联邦学习(FL)使多个客户能够在不分享原始数据的情况下合作培训全球机器学习模式。然而,FL的分散性质带来了脆弱性,特别是中毒袭击,恶意客户利用当地模式破坏培训过程。虽然Byzantine-robust 集成规则已经制定来缓解此类袭击,但这些规则仍然不足以应对更先进的威胁。作为回应,最近的进展侧重于FL检测技术,以识别潜在的恶意参与者。不幸的是,这些方法往往错误地将许多良客户归类为威胁,或依赖对服务器能力的不切实际假设。在本文件中,我们提议了一种新颖的算法“SafeFLL”,专门设计来准确识别FL的恶意客户。SafeFL方法涉及服务器收集一系列全球模型,以生成合成数据集,然后用于根据行为区分恶意和良性模型。
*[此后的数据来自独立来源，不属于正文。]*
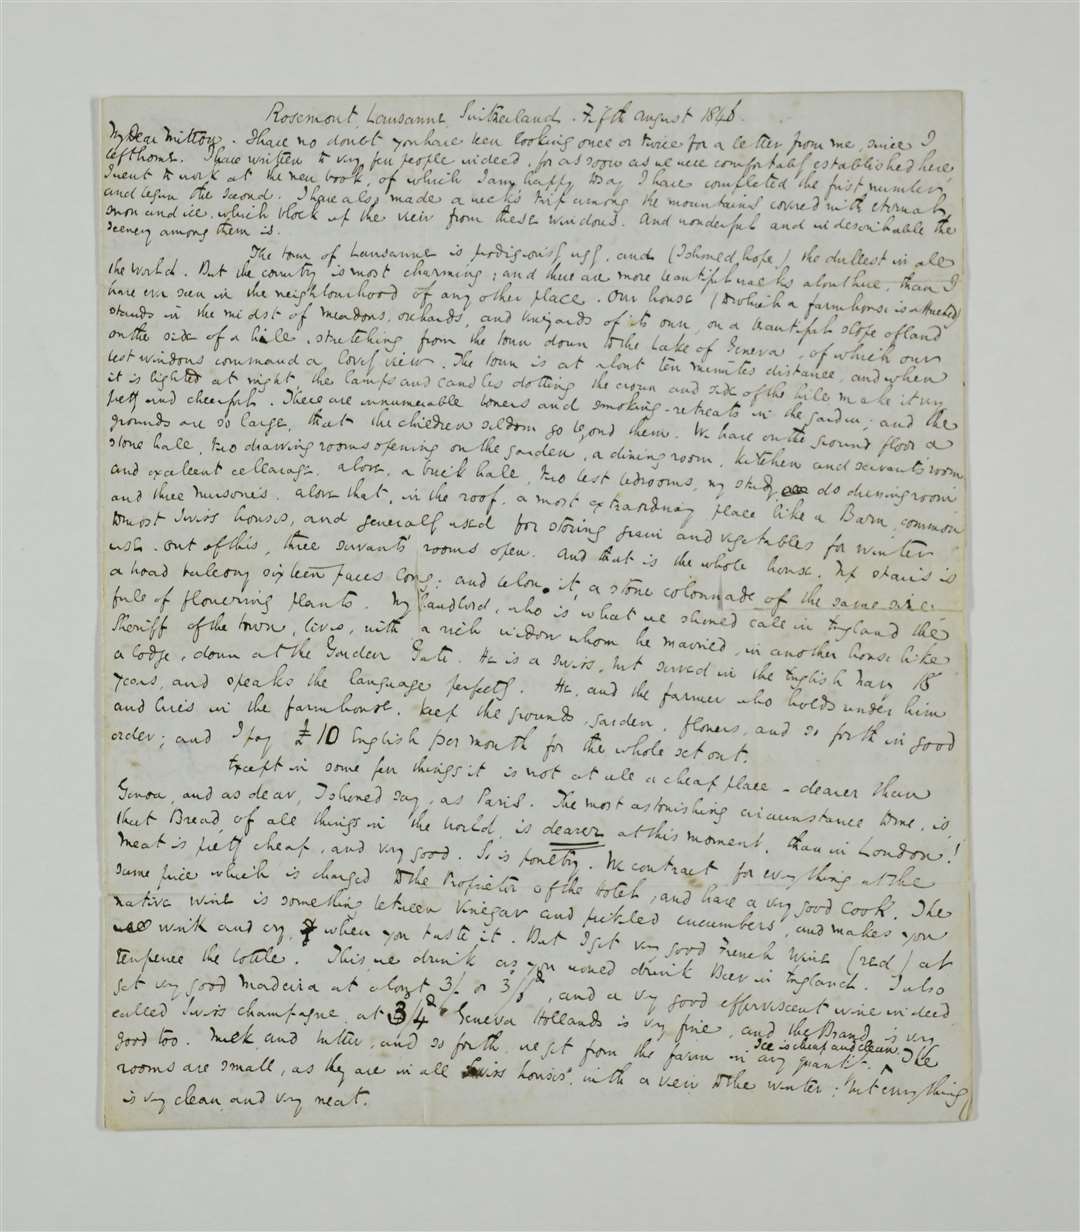 A letter written from Lausanne on August 5 1846 to his friend and solicitor Thomas Mitton in which Dickens describes his stay in Switzerland (Charles Dickens Museum/PA)

广泛测试表明,FLaf安全超越了现有方法,为发现恶意客户提供了更高的效率和准确度。
Article 92
Title@2025-05-24 (6): Distributed Incremental SAT Solving with Mallob: Report and Case Study with Hierarchical Planning
Title: Distributed Incremental SAT Solving with Mallob: Report and Case Study with Hierarchical Planning | Distributed Incremental SAT Solving with Mallob: Report and Case Study with Hierarchical Planning | 与马洛布公司共同解决:与等级规划有关的报告和案例研究 2505.18836v1 |
Authors (1): Dominik Schreiber
This report describes an extension of the distributed job scheduling and SAT solving platform Mallob by incremental SAT solving, embedded in a case study on SAT-based hierarchical planning. We introduce a low-latency interface for incremental jobs and specifically for IPASIR-style incremental SAT solving to Mallob. This also allows to process many independent planning instances in parallel via Mallob’s scheduling capabilities. In an experiment where 587 planning inputs are resolved in parallel on 2348 cores, we observe significant speedups for several planning domains where SAT solving constitutes a major part of the planner’s running time. These findings indicate that our approach to distributed incremental SAT solving may be useful for a wide range of SAT applications.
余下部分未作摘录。